Should Secondary Infertility Rates of Birth Mothers be Disclosed in Adoption Counseling?

I came across a very recent study that was published in the journal Psychoanalytic Inquiry and conducted/written by Isabel Andrews titled "Secondary Infertility and Birth Mothers."  Isabel Andrews is affiliated with the Adoption Jigsaw, an entity that has provided search and reunion services, counselling, and support groups for mothers and adoptees separated by adoption in Western Australia.  Andrews was extremely respectful to mothers and recognized the deep loss that many of these mothers feel and expressed it eloquently in her article.

Why Look Into First Mother Infertility?
It was actually two books by Nancy Verrier and finding other research that repeated/supported Verrier's finding that 40-60% of mothers who have lost children to adoption did not go on to have other children that prompted Andrews to conduct this study.  She too found that 40-60% of the original mothers seeking support from Adoption Jigsaw did not go on to have other children and wanted to determine if this percentage was accurate.  She conducted a study that recorded (1) secondary infertility of original mothers seeking support from Adoption Jigsaw (2) secondary infertility reported from data recorded during the search and reunions conducted through Adoption Jigsaw and (3) information that was returned on questionnaires sent out to original mothers.
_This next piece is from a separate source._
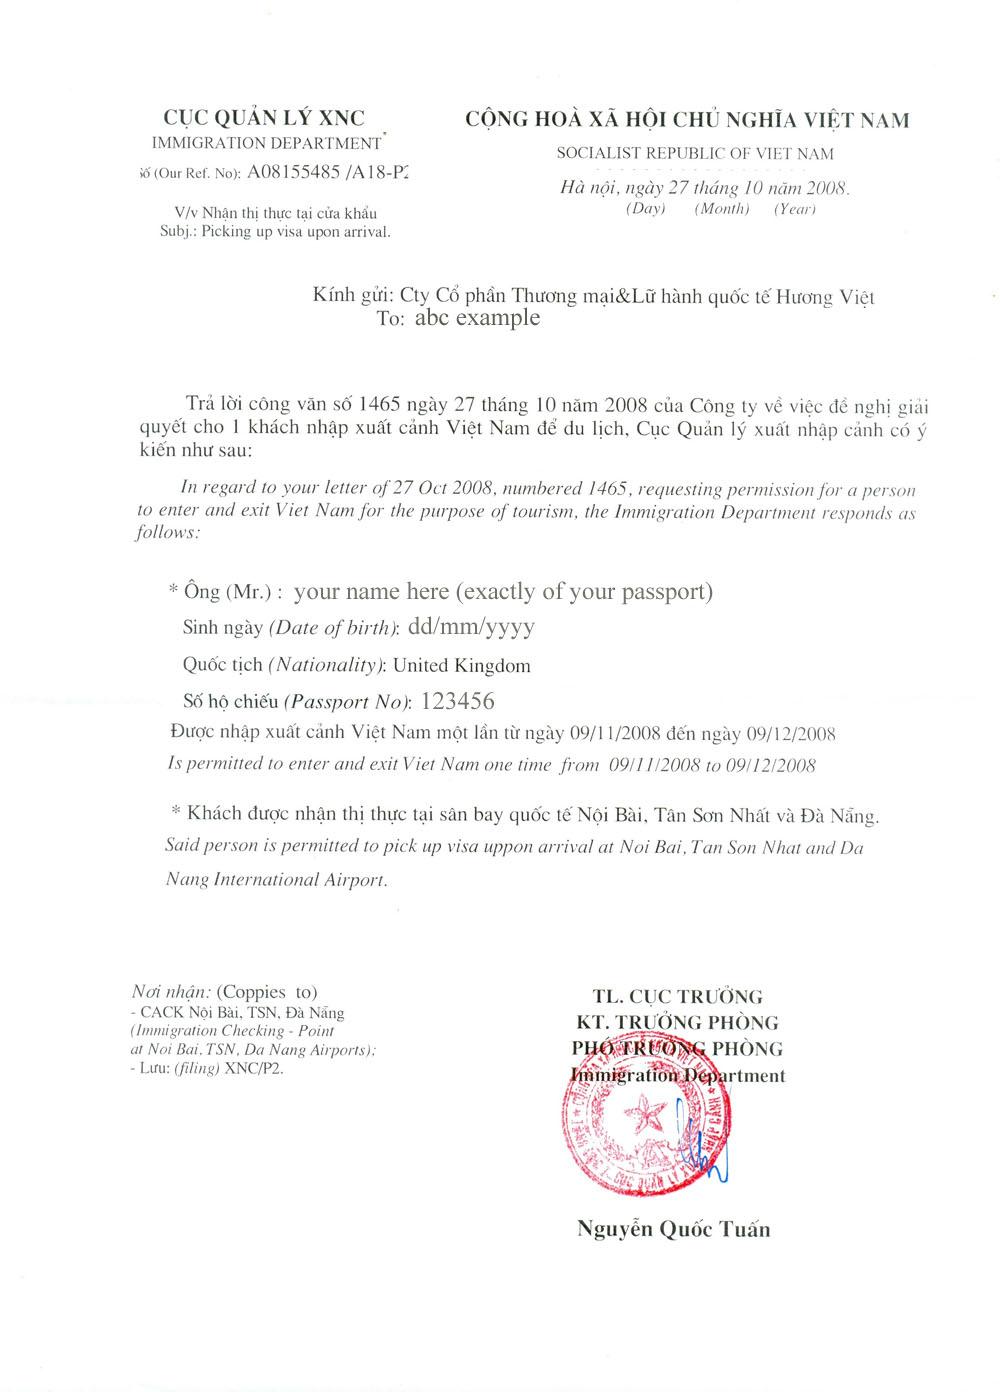 Vietnam Visa Arrival Form Download
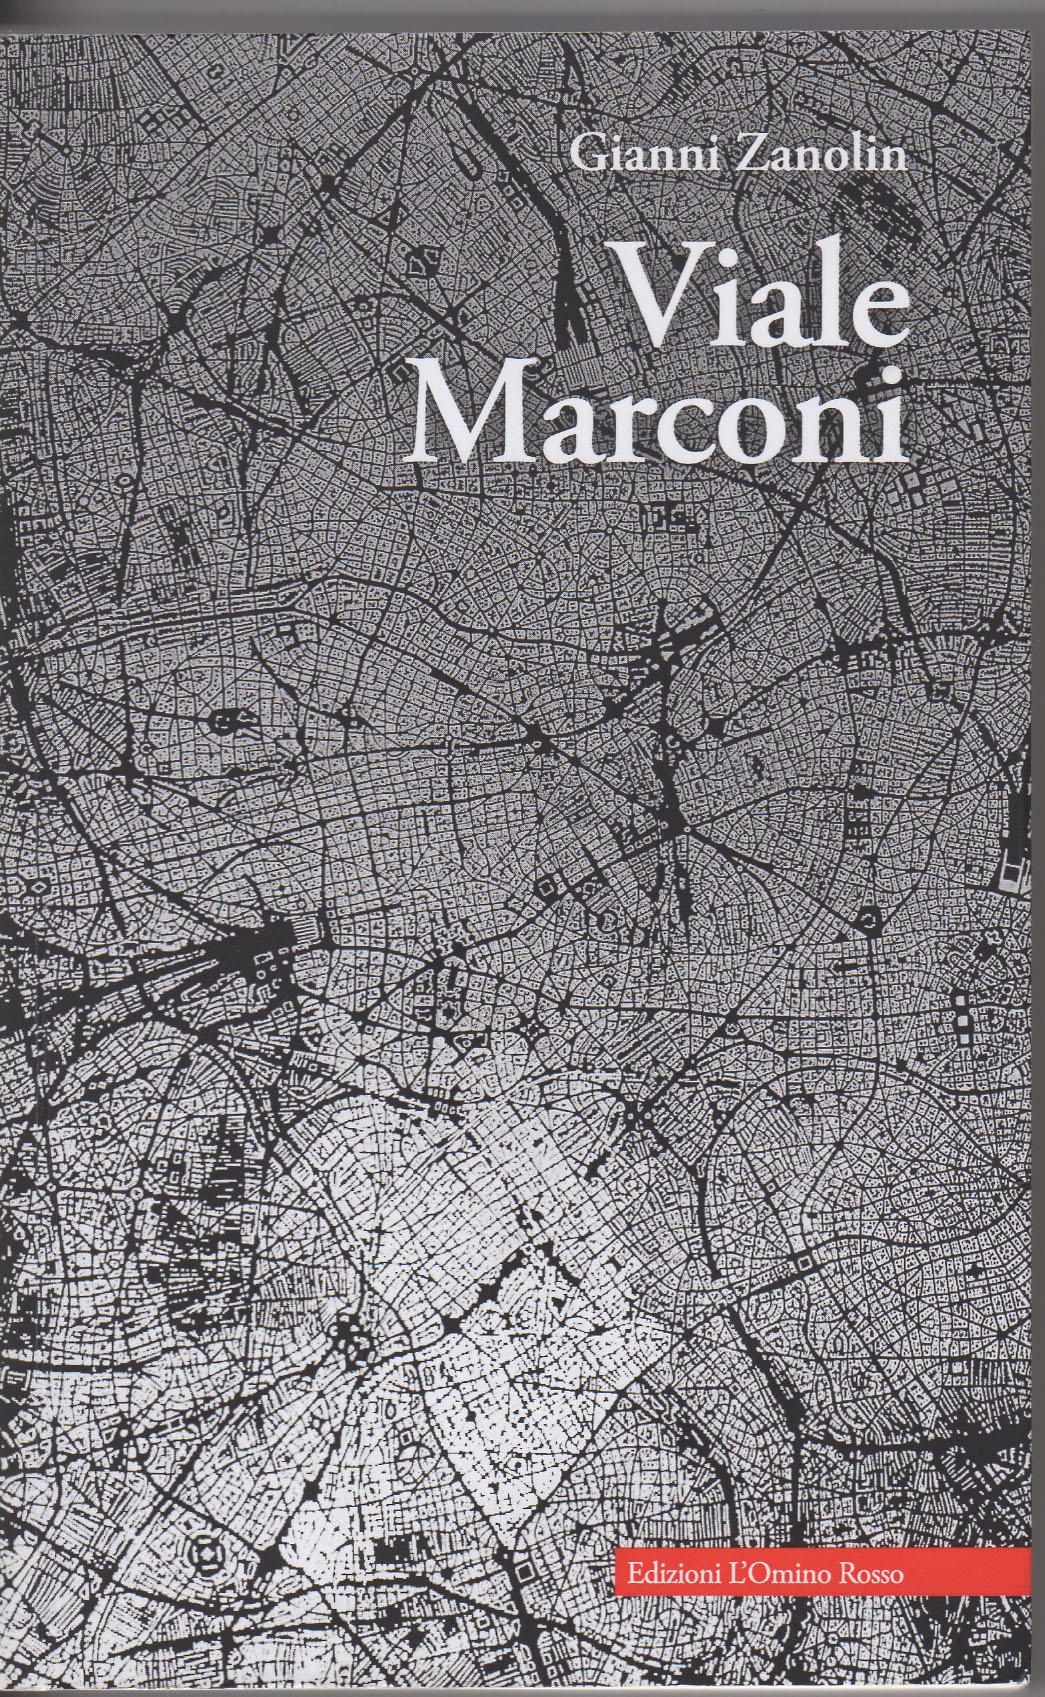 Viale Marconi

Andrews categorized her findings by listing three distinct groups of original mothers.  Of original mothers who attend support groups, 40-60% had not had other children.  Andrews feels that in society, original mothers may not necessarily be regarded as being "mother" to the children they relinquished for adoption which may cause a more profound feeling of loss if they have not experienced motherhood and parenting by having more children.  However, when they attend a support group with other original mothers, their motherhood is acknowledged which is supportive and uplifting.  13-20% of the randomly selected group of first mothers had not gone on to have more children.  23% of original mothers who searched for their surrendered descendants have not had other children.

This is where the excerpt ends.